Dex writes:
You must declare on your USA tax form if you have a overseas account and declare any income from it. It is taxable income.
Yes, you will need to file Form TD F 90-22.1 on any foreign accounts if the total is over $10,000. Note that you file the form directly with the Treasury, not with the IRS, though you can download the form from the IRS website.
The basis for the gain or loss on the sale of the asset (you could gain or lose money on the sale of the euros) is the date of death of her farther.
If she inherits cash, I don't think there is any need to worry about cost basis if she later converts that cash to dollars. That is a one-way exchange, so no gain/loss calculation applies as it would in a round-trip transaction.

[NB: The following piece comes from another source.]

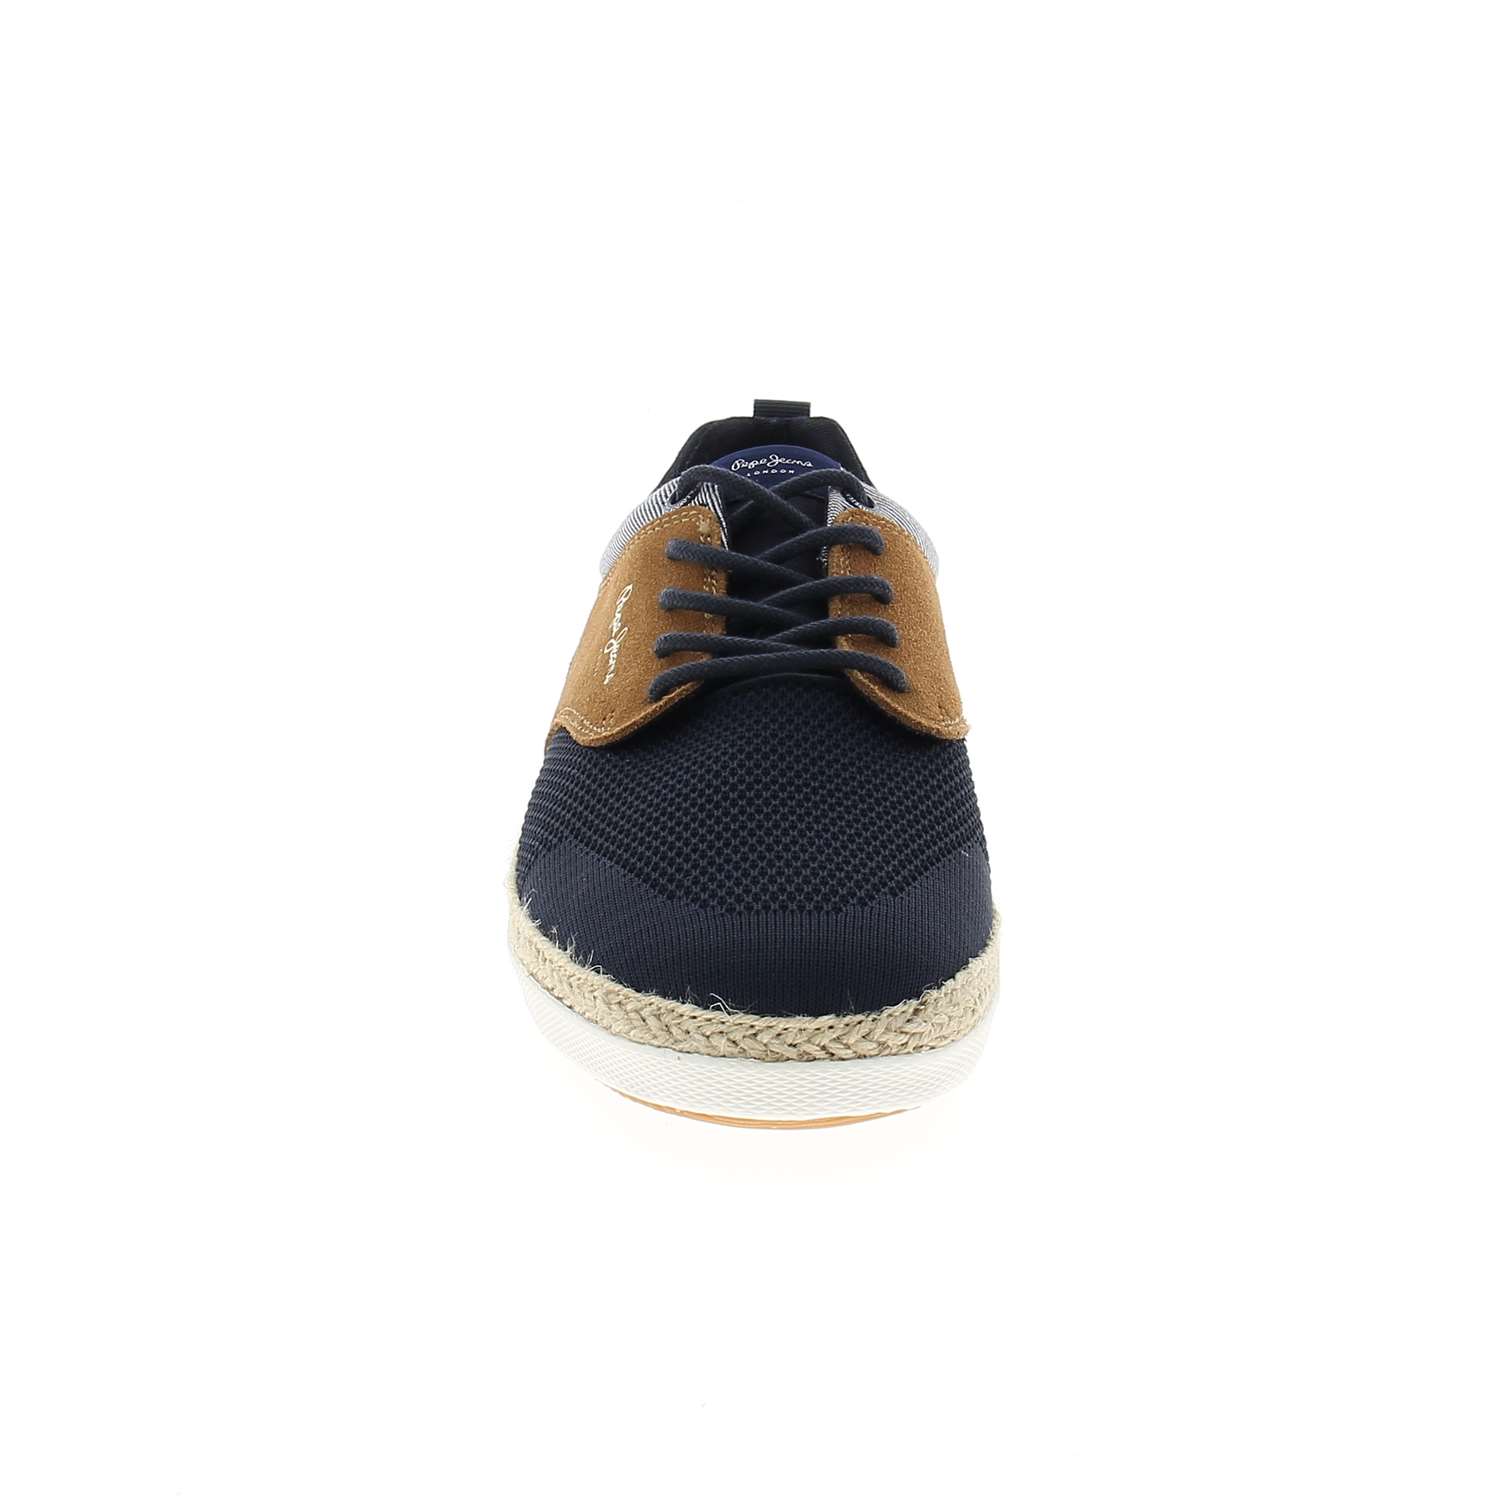 03 - MAUIB - PEPE JEANS - Chaussures à lacets - Textile

For example, when I earn yen, and later purchase dollars, this is not considered a taxable event, from what the IRS has told me. (To be precise, the earning yen part is of course taxable, but the later purchase of dollars at some different prevailing exchange rate is not a taxable event.) I think the inheritance discussed here would be treated similarly (though I could be wrong). If she inherits securities instead, then of course the cost basis at time of death applies.
By the way, Rich, if your wife decides to invest the money in Germany, she will probably want to avoid German mutual funds, for US tax reasons. Instead go for straight stocks, bonds, or other directly-held assets.